NLPAUG – A Python library to Augment Your Text Data

nithilaau Last Updated : 21 Oct, 2024

8 min read

Introduction

In contrast to Computer Vision, where image data augmentation is common, text data augmentation in NLP is uncommon.

Simple manipulations on images, such as rotating them a few degrees or turning them to grayscale, have little effect on their semantics. Because of the semantically invariant transformation, augmentation has become an important tool in Computer Vision research.

I looked through the current literature to see whether there had been any attempts to build augmentation approaches for NLP. Based on my findings, I’ll present an overview of existing approaches for text data augmentation in this article and introduce the python library ‘NLPAug’.

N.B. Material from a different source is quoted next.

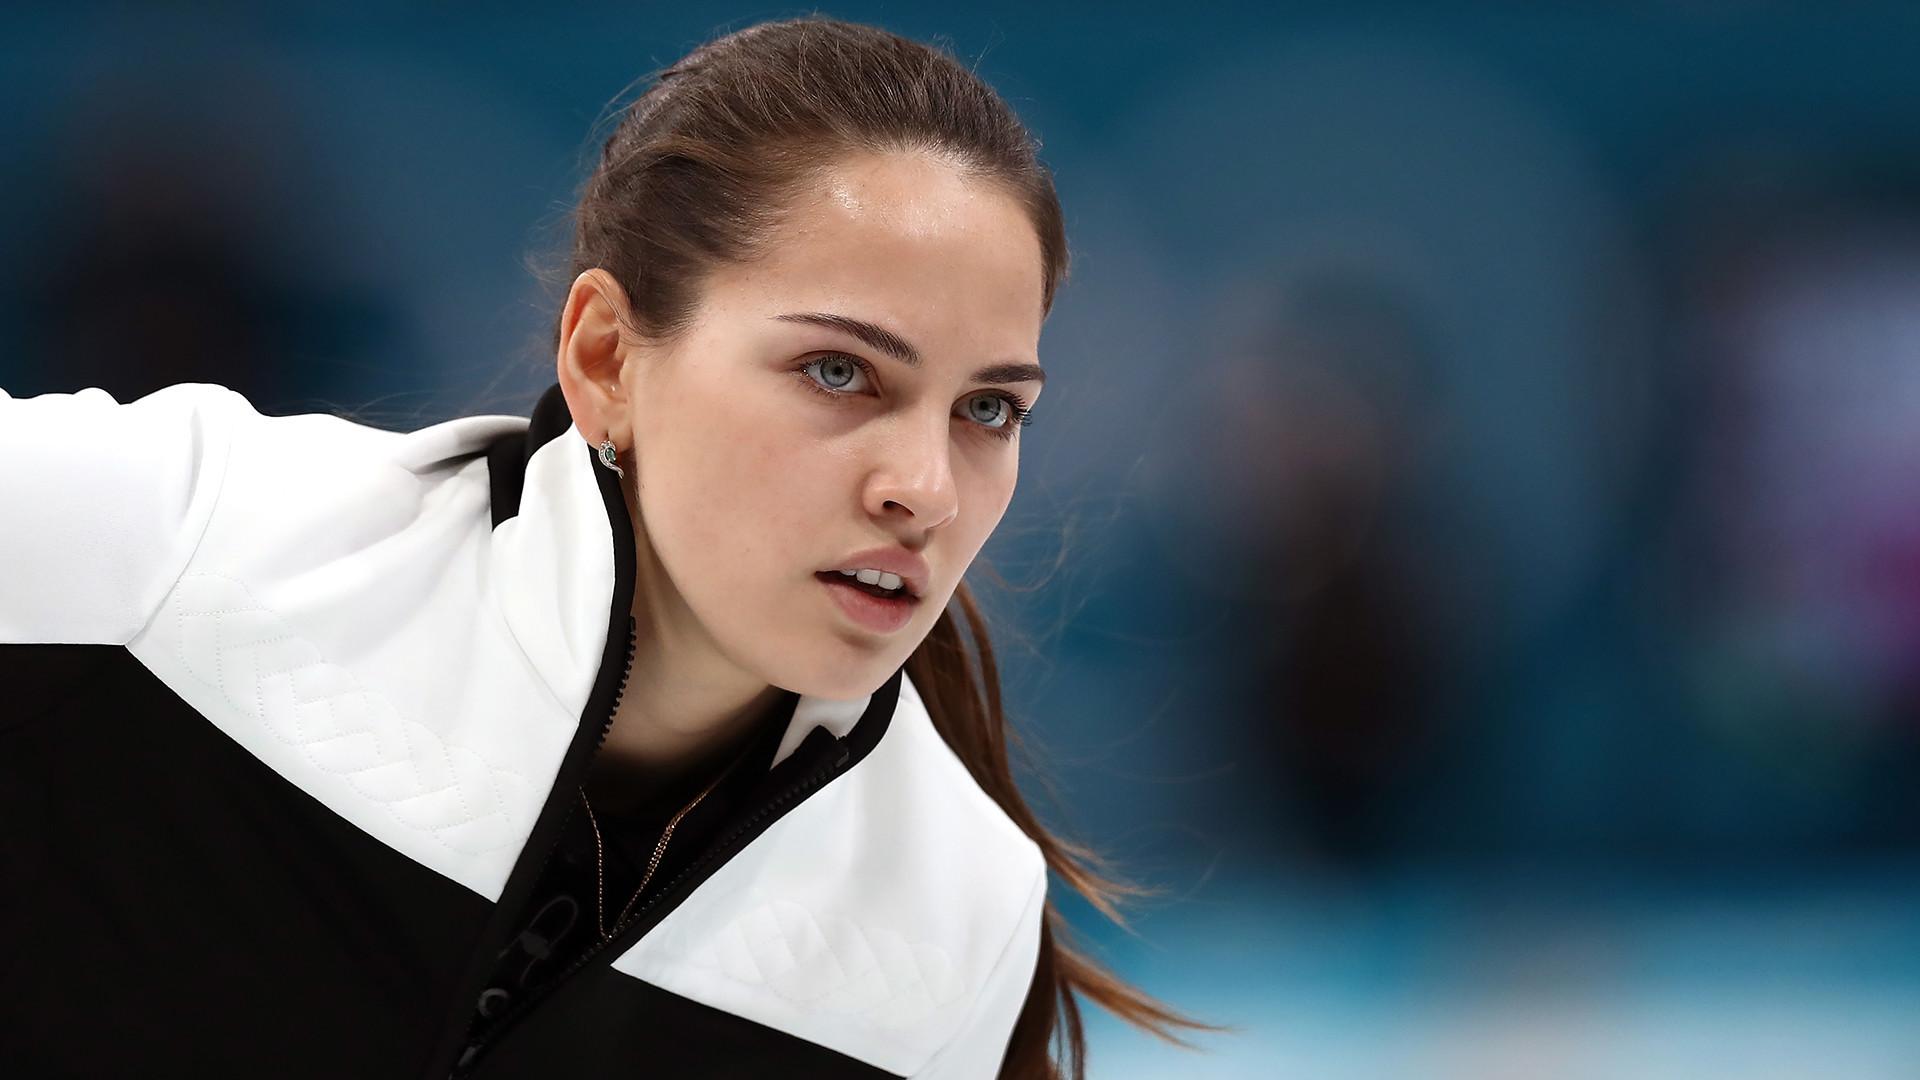 Brizgalova atua em dupla com o marido, Aleksandr Kruchelnitcki

Why and What is Data Augmentation?
Different methods of Text Augmentation
Introduction to NLPaug library
Basic elements of NLPaug library
1. Character
2. Word
3. Flow

Why and What is Data Augmentation?

Data Augmentation describes applying transformations to our original labeled examples to construct new data for the training set

This simply means we want to generate more data and more examples from our current dataset. So what it means is, let’s say you have data (X, Y), where X is a sentence and Y is its corresponding label. So, we can imagine it to be like X is a movie review and Y is the sentiment associated with that review.

As a part of data augmentation, we transform this X and create X’ out of it, while still preserving the label Y.

(X, Y) ——T——> (X’, Y)

So, as you can see since Y is still preserved, which means the transformation that we want to apply, say, T, has to be semantically invariant which means it doesn’t change the meaning of the original sentence. So, X’ could be syntactically a little different compared to X, but semantically it should mean the same thing.

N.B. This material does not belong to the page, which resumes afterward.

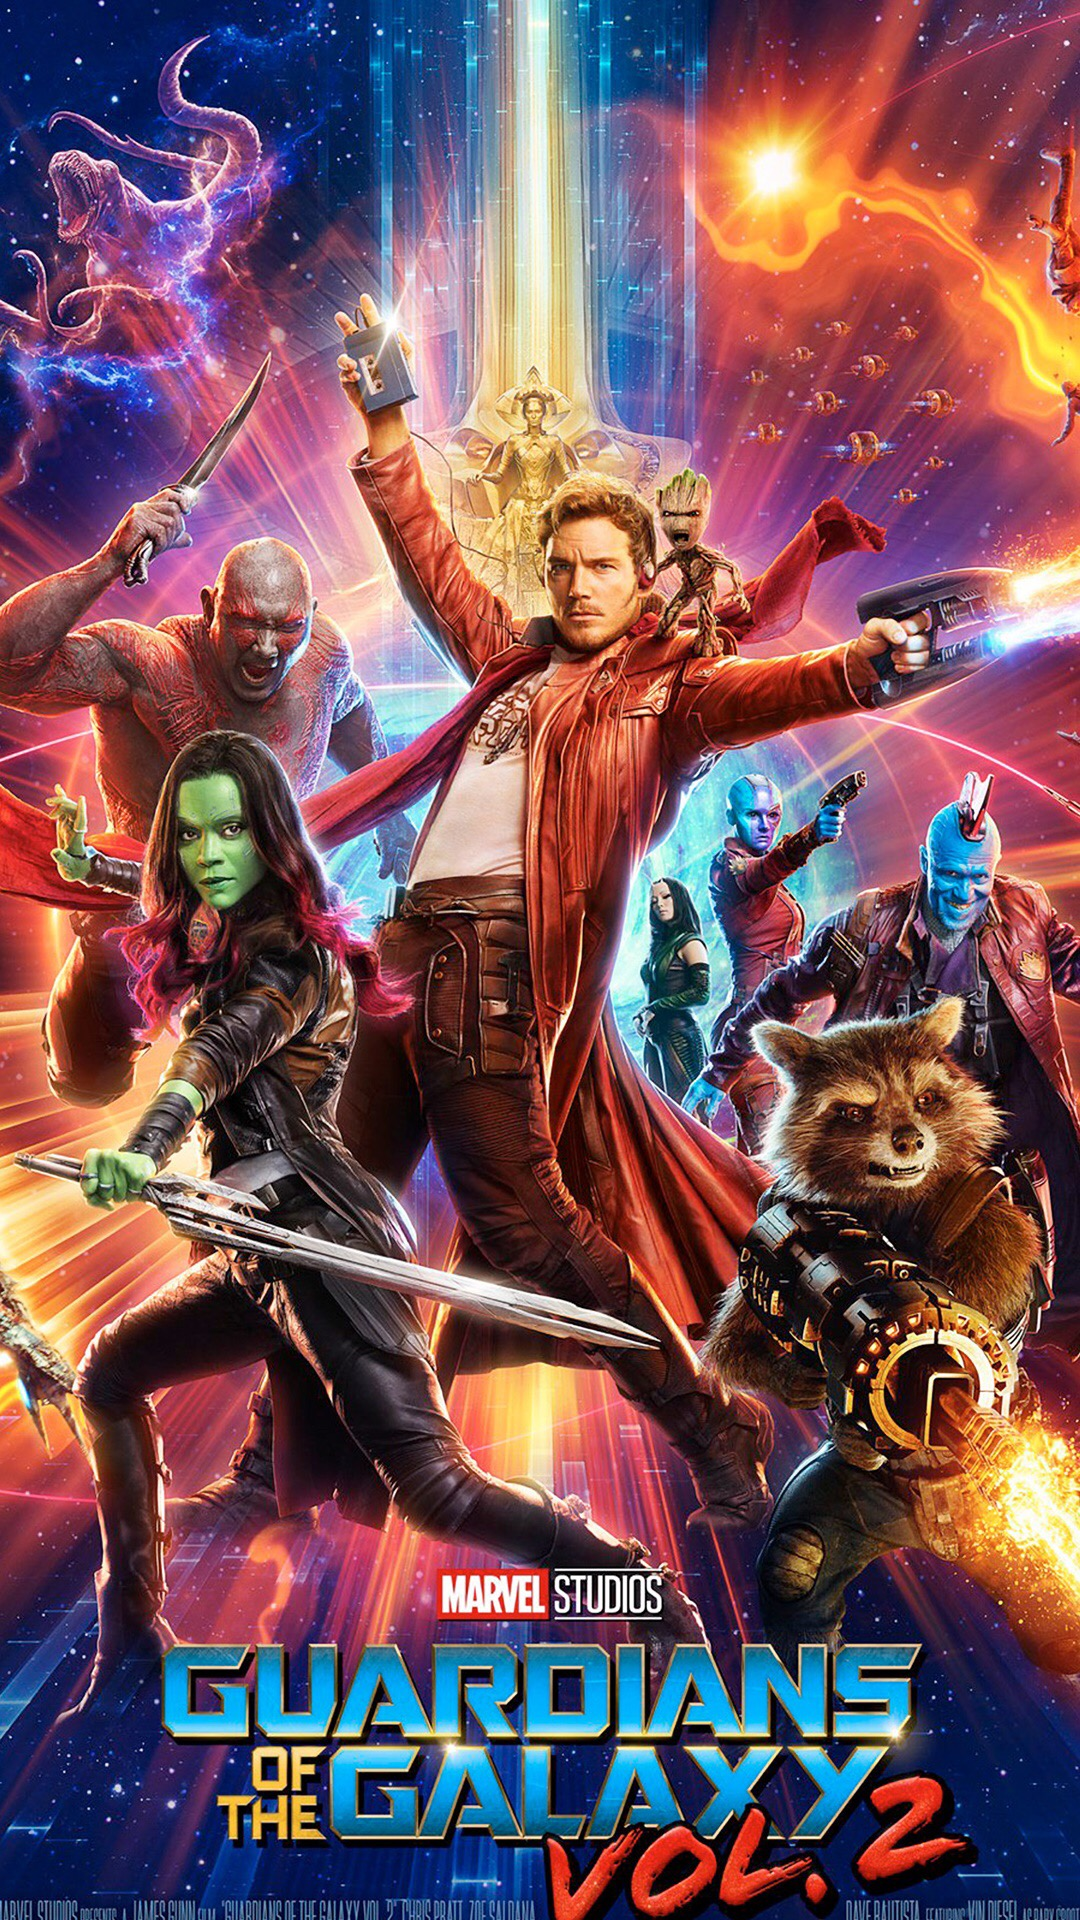 银河护卫队 电影 科幻 星爵 彼得·奎尔 火箭浣熊 卡魔拉 德拉克斯

People have been researching to come up with different data augmentation techniques to answer this question – “How do you define T efficiently so that X’ is diverse enough, yet semantic coherent so that the model becomes robust and generalizes well on the unseen data?”

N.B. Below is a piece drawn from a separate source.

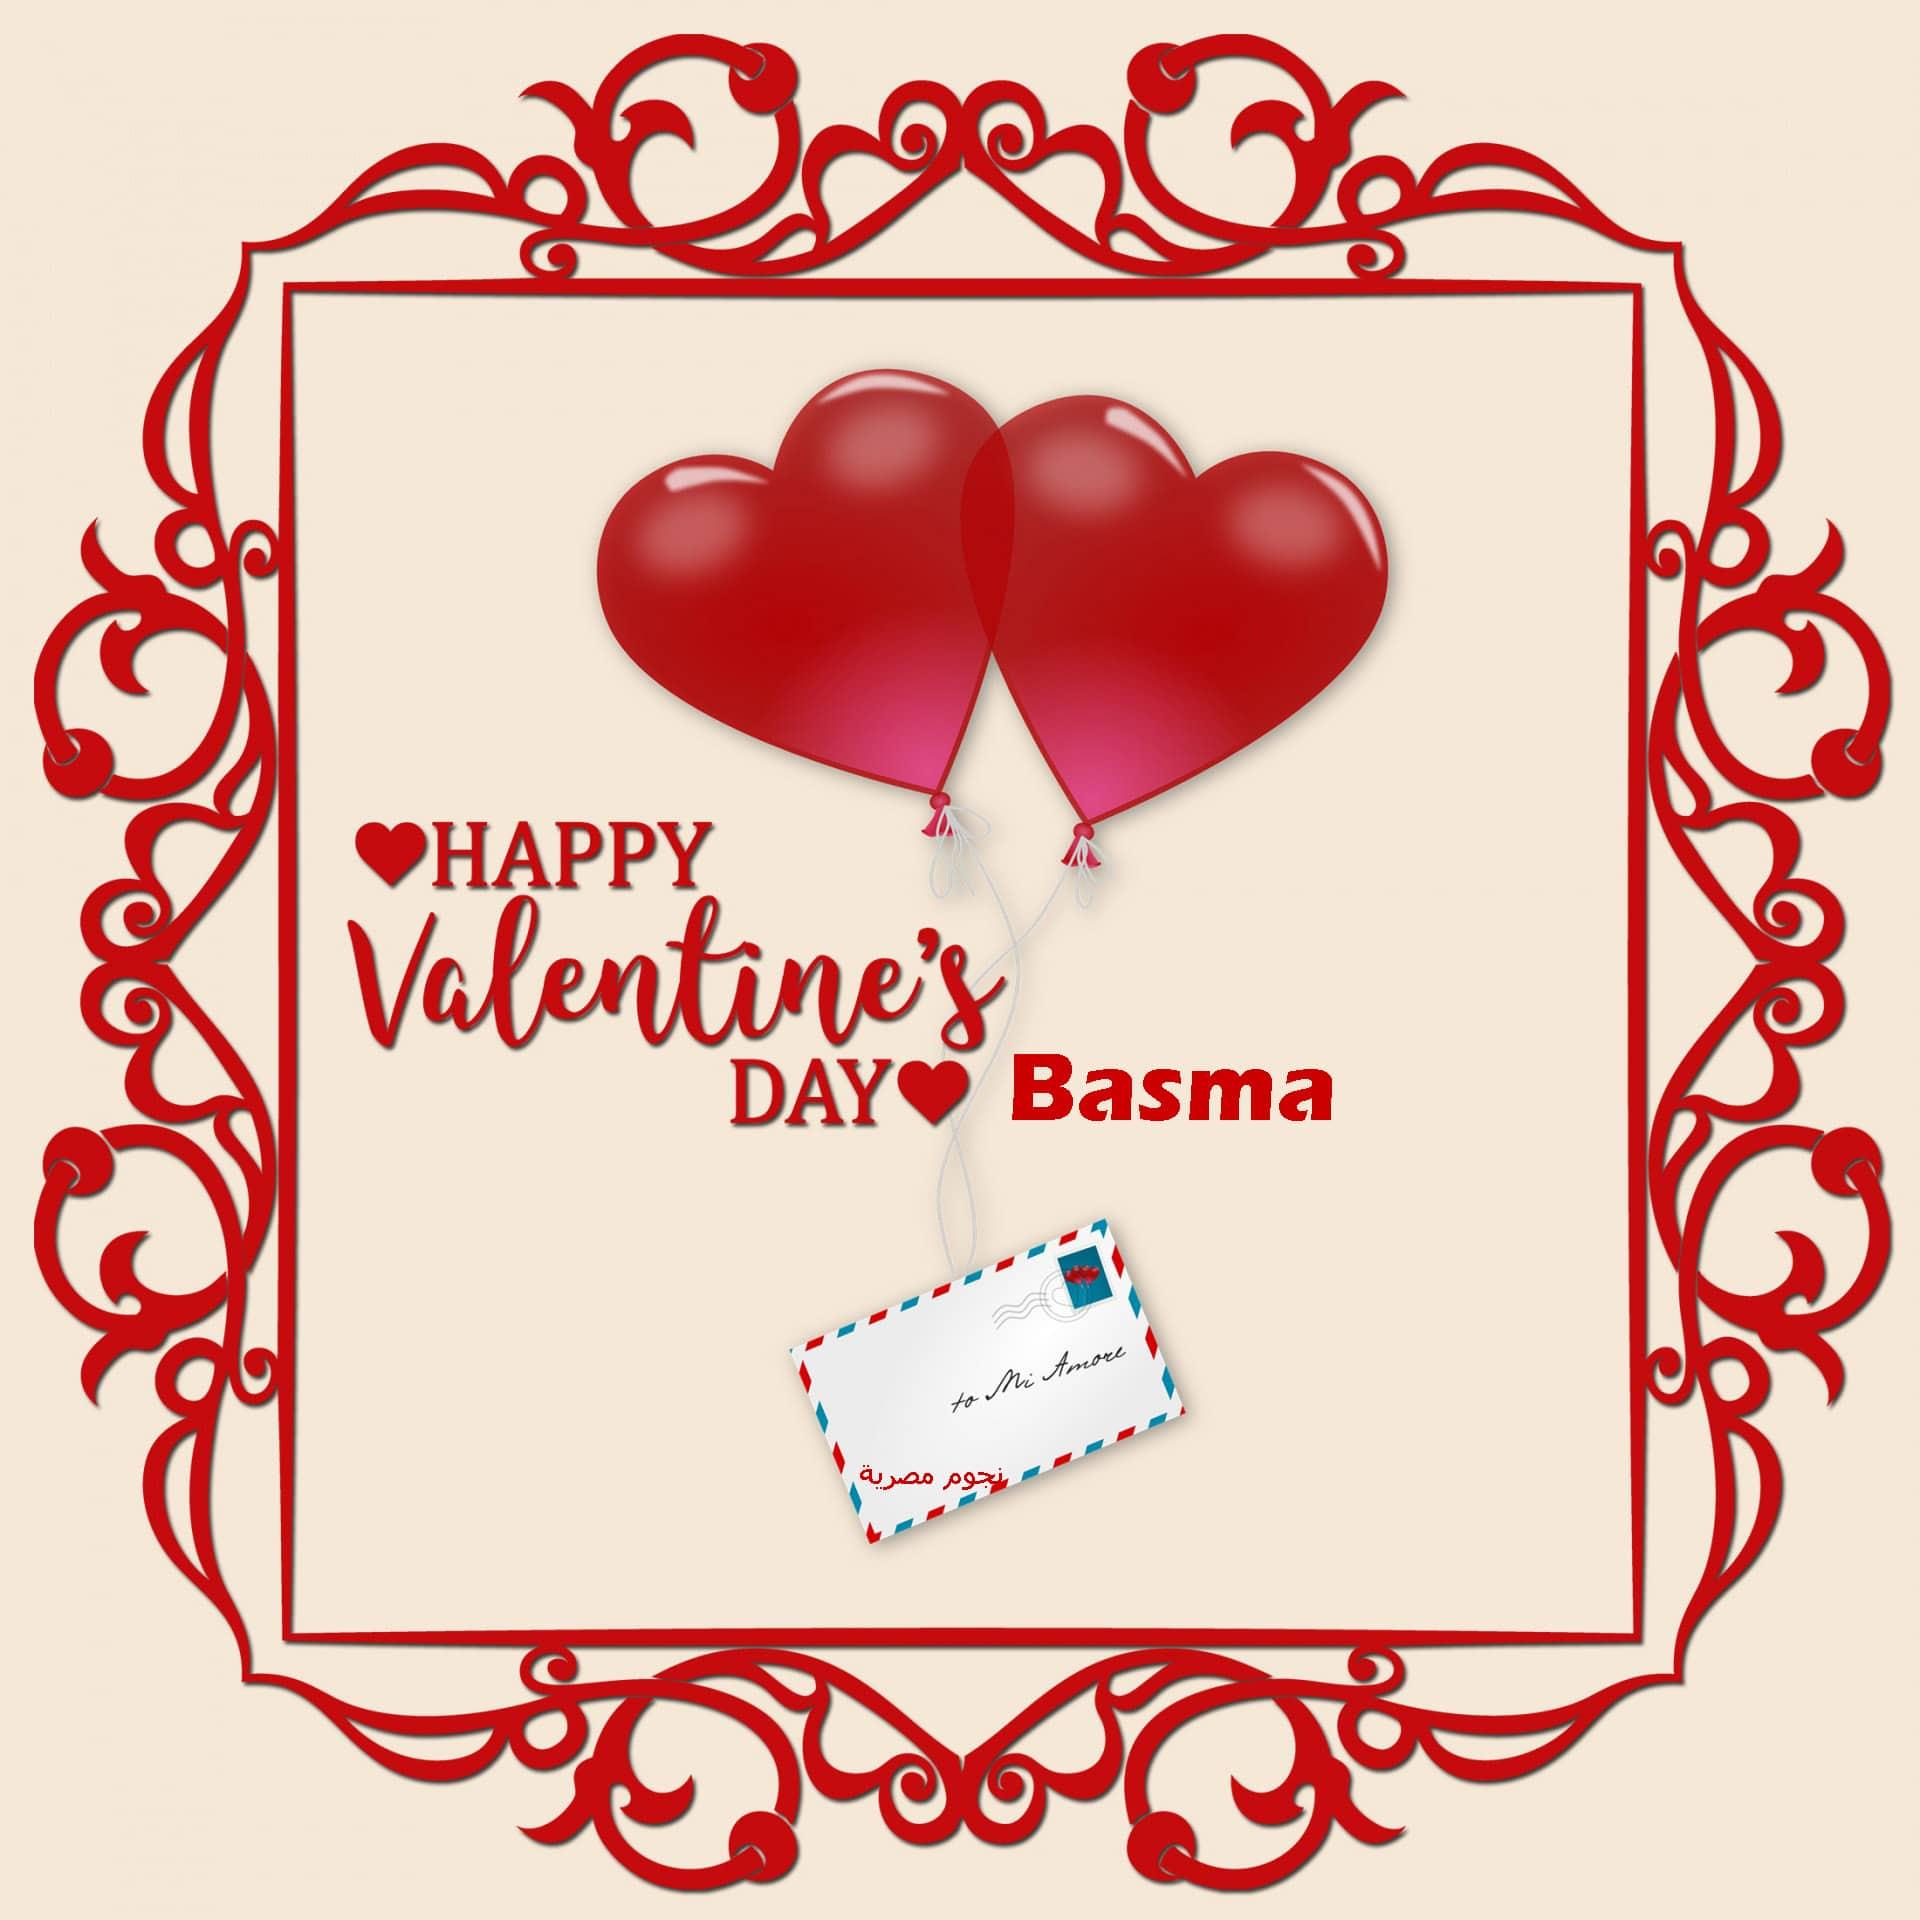 بالصور رسائل عن الحب , صور لعيد الحب 5203 8

Let’s see how this is done with a simple example.

Consider a sentence: This is a good movie.

So, this is one review. Using data augmentation techniques we have created the following five examples :

Movies good
Awesome movie
I like the movie
Enjoyed movie
This is a nice film

Different methods of Text Augmentation

In this section, we will discuss different techniques to augment the text. Let’s start with Synonym Replacement.

Synonym Replacement

One of the basic text data augmentation techniques is to replace words or phrases with their synonyms. For example, the results for the word “evaluate” can be: [‘measure’, ‘evaluate’, ‘valuate’, ‘assess’, ‘appraise’, ‘value’, ‘pass_judgment’, ‘judge’]

We know that synonyms are very limited and synonym-based augmentation cannot produce different patterns from the original texts. So, let’s move to our next method using word embeddings!

Replace Words with Similar Word Embeddings

GloVe, Word2Vec, and fastText are examples of trained word embedding that can be used to identify the closest word vector from latent space to replace the original sentence. Contextual bidirectional embeddings such as Elmo and BERT, which have a considerably richer vector representation, can also be used for more reliability. Longer text sequences are encoded by Bi-LSTM and Transformer-based models, which are contextually aware of surrounding words.

Lexical based Replacement

Wordnet is an English lexical database that includes word definitions, hyponyms, and other semantic relationships. Wordnet can be used to identify synonyms for the token/word that has to be replaced in the original sentence. NLP packages such as Spacy and NLTK can be used to locate and substitute synonyms in a sentence.

Back Translation

The basic idea behind back-translation is to translate a sentence into another language and then back into the original language, with a few word changes.

It works in 3 steps:

Input is a text in some source language (Eg: English)
Translate the given text input to any different language for the time being (Eg: English to Spanish)
Translate the previously translated text back into the source language (Eg: Spanish to English)

I’d recommend using the HuggingFace transformers and Moses Tokenizers, after which I imported the MarianMT model and tokenizer. We can start by initializing a model that converts English To Romance languages, and similarly a model that converts any of the Romance languages to English.

Note: When the word romance is capitalized, as in Romance languages, it most likely refers to a group of languages based on Latin, the ancient Romans’ language.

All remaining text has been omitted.